Drug Interactions between Augtyro and lefamulin

GENERALLY AVOID: Grapefruit juice may increase the plasma concentrations and adverse effects of repotrectinib. According to prescribing information, repotrectinib is primarily metabolized by CYP450 3A4, and is also a substrate of P-gp in vitro. The proposed mechanism is inhibition of CYP450 3A4-mediated first-pass metabolism in the gut wall by certain compounds present in grapefruit. Inhibition of hepatic CYP450 3A4 may also contribute. The interaction has not been studied with repotrectinib and grapefruit juice but has been reported for other CYP450 3A4 inhibitors. Drug interaction studies have shown that the administration of repotrectinib with itraconazole, a potent CYP450 3A4 and P-gp inhibitor, increased the peak plasma concentration (Cmax) and systemic exposure (AUC) of repotrectinib by 1.7-fold and 5.9-fold, respectively. In general, the effect of grapefruit juice is concentration-, dose- and preparation-dependent, and can vary widely among brands. Certain preparations of grapefruit juice (e.g., high dose, double strength) have sometimes demonstrated potent inhibition of CYP450 3A4, while other preparations (e.g., low dose, single strength) have typically demonstrated moderate inhibition. Increased exposure to repotrectinib may increase the risk of adverse reactions such as dizziness, fatigue, cognitive disorders, ataxia, dysgeusia, peripheral neuropathy, muscular weakness, and dyspnea as well as more serious adverse effects such as interstitial lung disease/pneumonitis, liver transaminase elevations, myalgia with creatinine phosphokinase (CPK) elevation, hyperuricemia, and skeletal fractures.

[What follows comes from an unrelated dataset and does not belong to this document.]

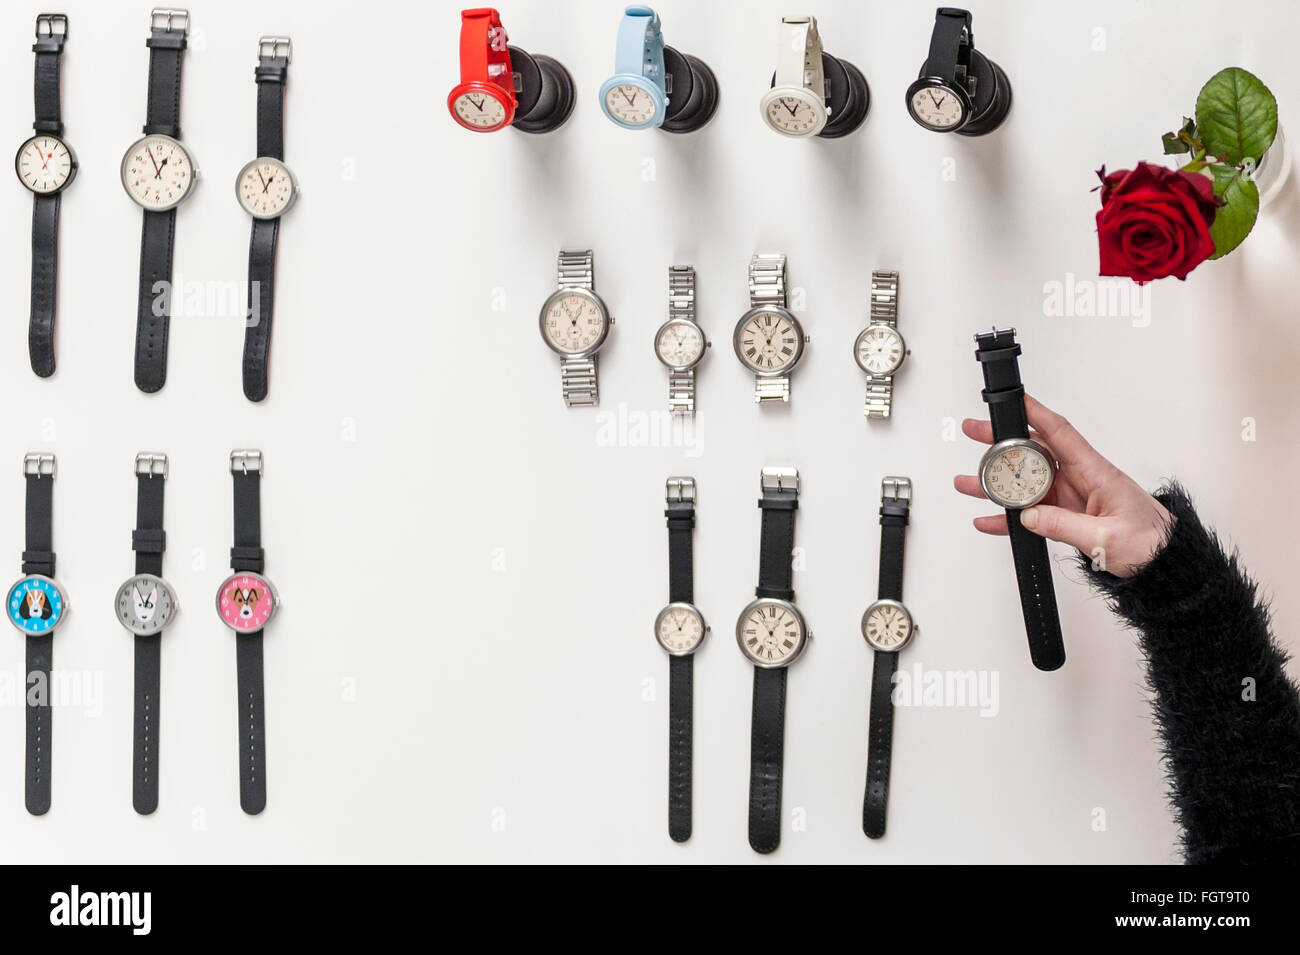 London, UK.  22 February 2016. A woman examines items by Newgate Watches, as Scoop London takes place at the Saatchi Gallery in Chelsea.  Running concurrently with London Fashion Week AW16, the show attracts fashion buyers from around the world who come to meet designers presenting their products amongst the gallery's artworks. Credit:  Stephen Chung / Alamy Live News Stock Photo

MANAGEMENT: The manufacturer advises that concomitant use of repotrectinib with grapefruit, grapefruit juice, or supplements that contain grapefruit should be avoided.

ADJUST DOSING INTERVAL: Food may reduce the oral bioavailability of lefamulin. When a single 600 mg oral dose of lefamulin was administered with a high-calorie, high-fat breakfast (800 to 1000 calories; approximately 50% from fat), lefamulin peak plasma concentration (Cmax) and systemic exposure (AUC) decreased by approximately 23% and 18%, respectively.

GENERALLY AVOID: Grapefruit juice may increase the oral bioavailability of lefamulin. The proposed mechanism is inhibition of CYP450 3A4-mediated first-pass metabolism in the gut wall by certain compounds present in grapefruit. Inhibition of hepatic CYP450 3A4 may also contribute. The interaction has not been studied with grapefruit juice, but pharmacokinetic data are available for the potent CYP450 3A4 inhibitor, ketoconazole. When oral lefamulin was administered with oral ketoconazole, mean lefamulin peak plasma concentration (Cmax) and systemic exposure (AUC) increased by 58% and 165%, respectively. In general, the effect of grapefruit juice is concentration-, dose- and preparation-dependent, and can vary widely among brands. Certain preparations of grapefruit juice (e.g., high dose, double strength) have sometimes demonstrated potent inhibition of CYP450 3A4, while other preparations (e.g., low dose, single strength) have typically demonstrated moderate inhibition. Increased exposure to lefamulin may increase the risk of QT interval prolongation, which has been associated with ventricular arrhythmias including torsade de pointes and sudden death.

MANAGEMENT: Lefamulin tablets should be taken at least one hour before or two hours after a meal. Patients should preferably avoid or limit the consumption of grapefruit and grapefruit juice during treatment with lefamulin.